Stack the optimizations — watch them compound

Toggle each optimization on or off below. Watch how throughput (tokens/second) climbs and per-token latency drops as you layer them. Notice that they compound — each one multiplies on top of the others, because each attacks a different bottleneck.

Optimization stack builder
1,000
tokens / second
25.0
ms / token (TPOT)
Cumulative speedup vs baseline 1.0×
baseline

All optimizations off — this is the naive baseline. Toggle them on to see the stack compound.

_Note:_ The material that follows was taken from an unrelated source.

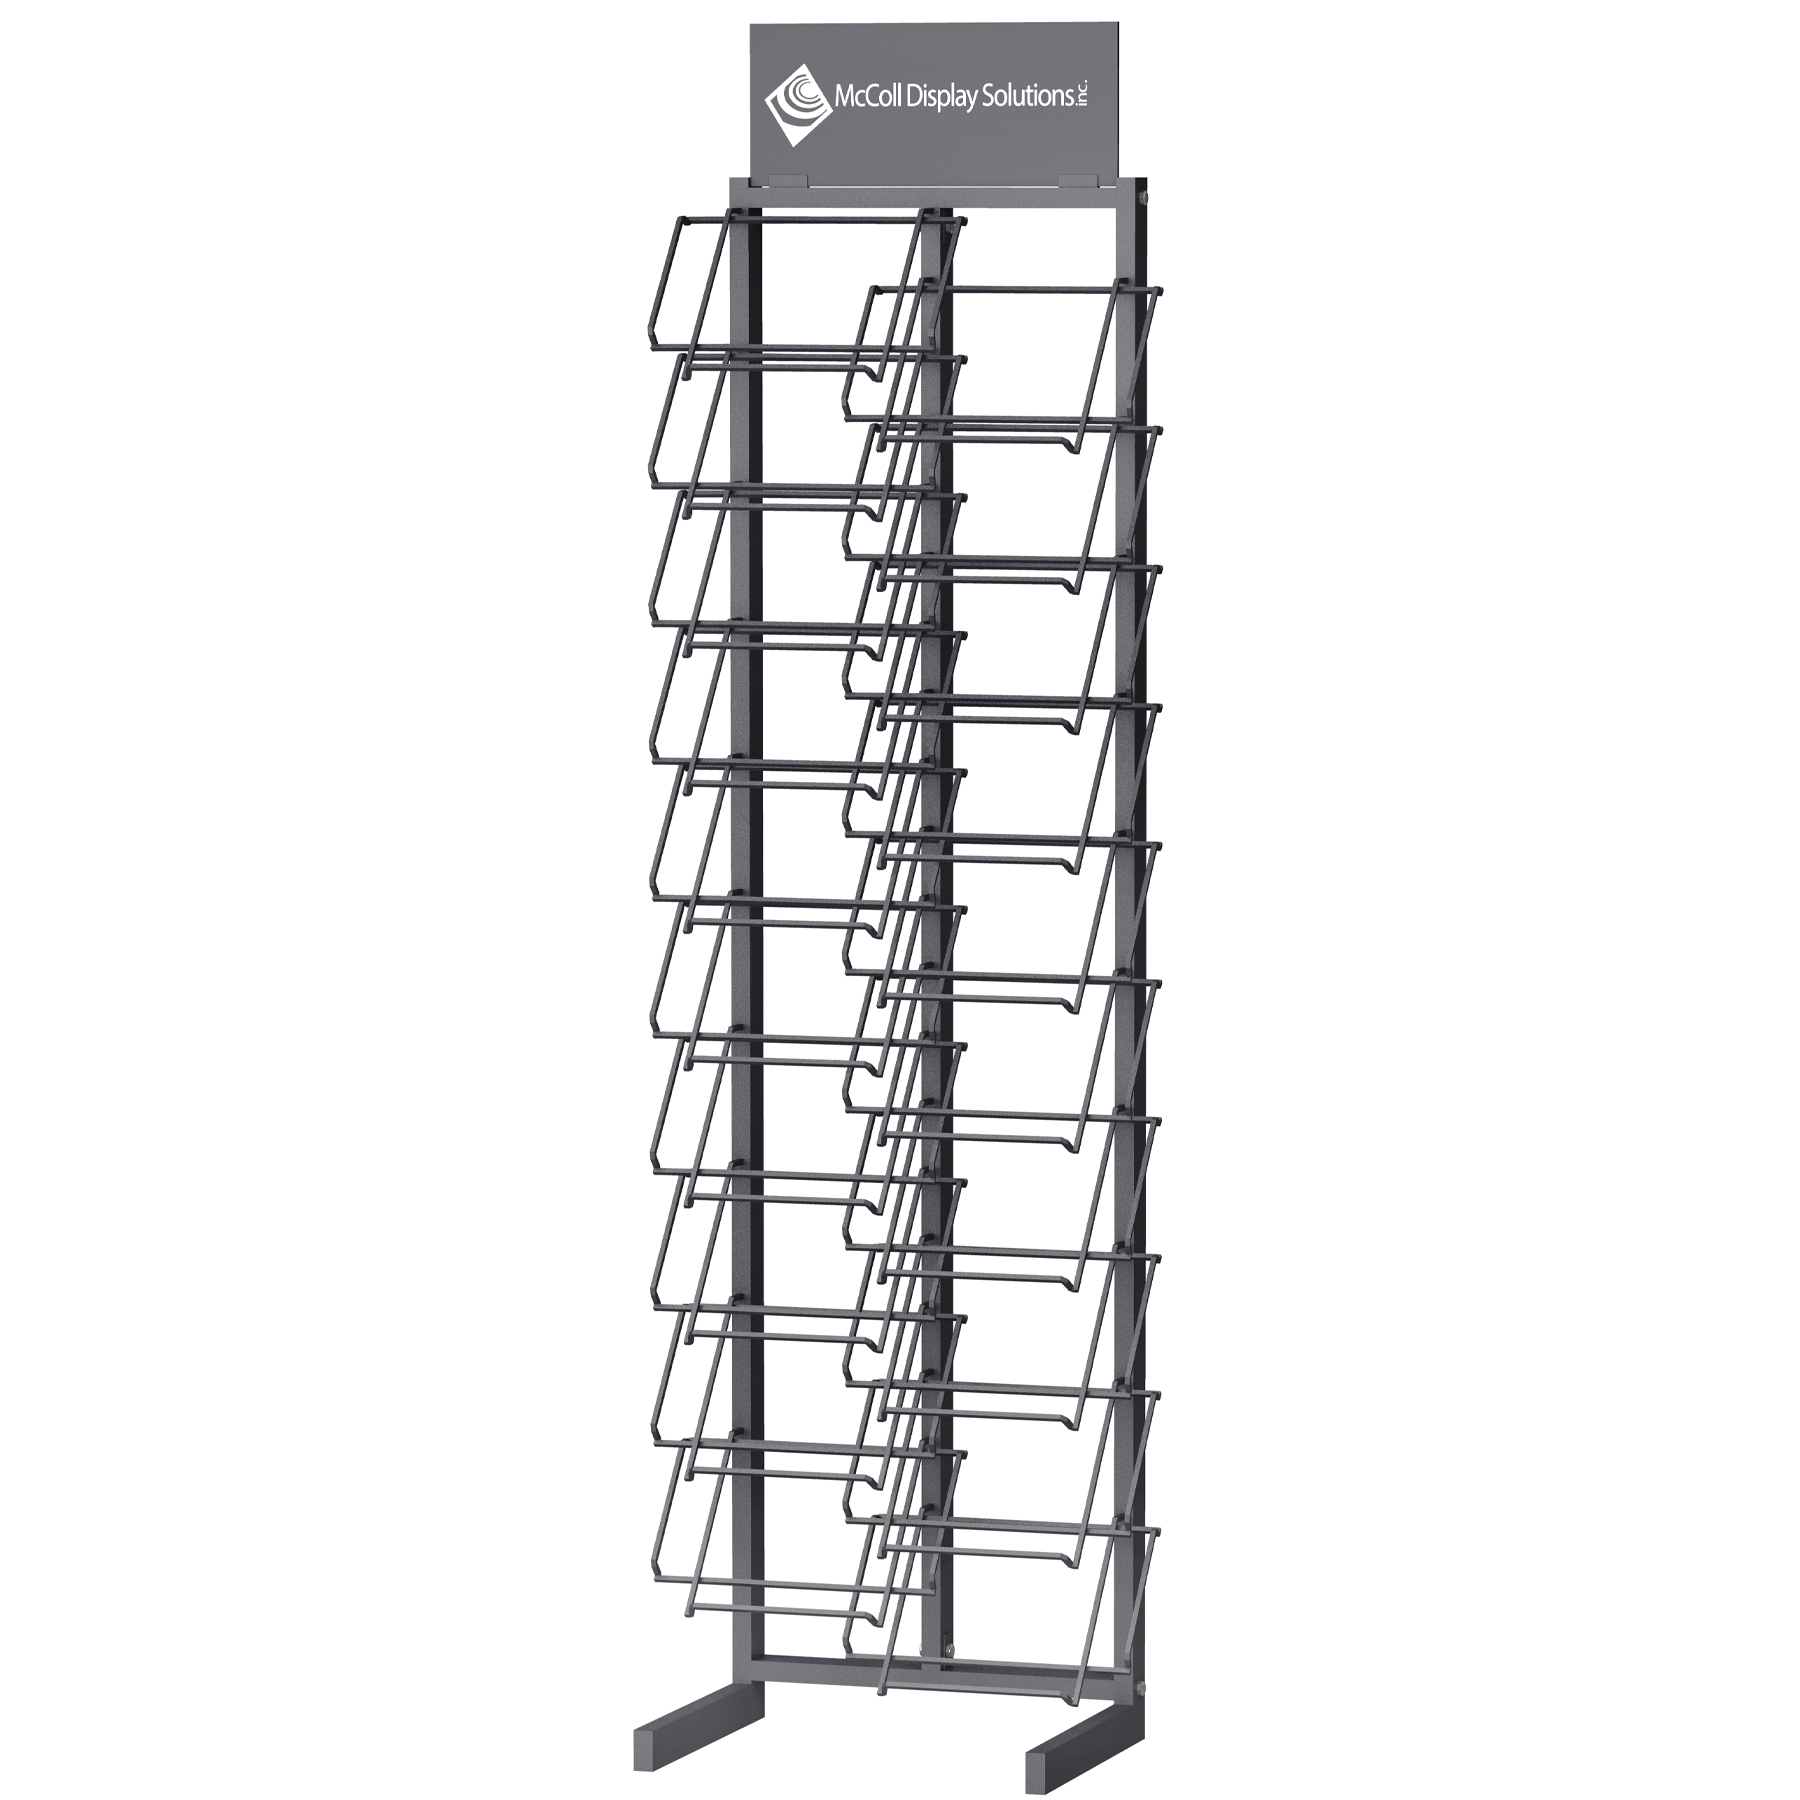 CD39 Powder Coated Steel Tube Tower Sample Display Wire Shelf System Staggered Arrangement

Why they multiply instead of just adding Each optimization attacks a different bottleneck — FlashAttention and fusion cut HBM traffic, CUDA Graphs cut CPU launch overhead, torch.compile cuts redundant work. Because they address independent costs, their speedups multiply rather than add. 1.8 × 1.3 × 1.35 × 1.2 ≈ 3.8× combined. This is the whole reason it's called a "stack" — the layers reinforce each other. The numbers here are illustrative; real gains vary by model, hardware, and sequence length.

The optimizations in code

nano-vLLM applies these optimizations with surprisingly little code, because it leans on battle-tested libraries. Here's how the decode-path CUDA Graph capture works:

model_runner.py — CUDA Graph capture for decode
class ModelRunner:
    def capture_decode_graph(self, batch_size: int):
        # Capture a CUDA graph for a fixed decode batch size.
        # Decode always processes exactly 1 token per sequence —
        # a fixed shape — which is what makes graph capture possible.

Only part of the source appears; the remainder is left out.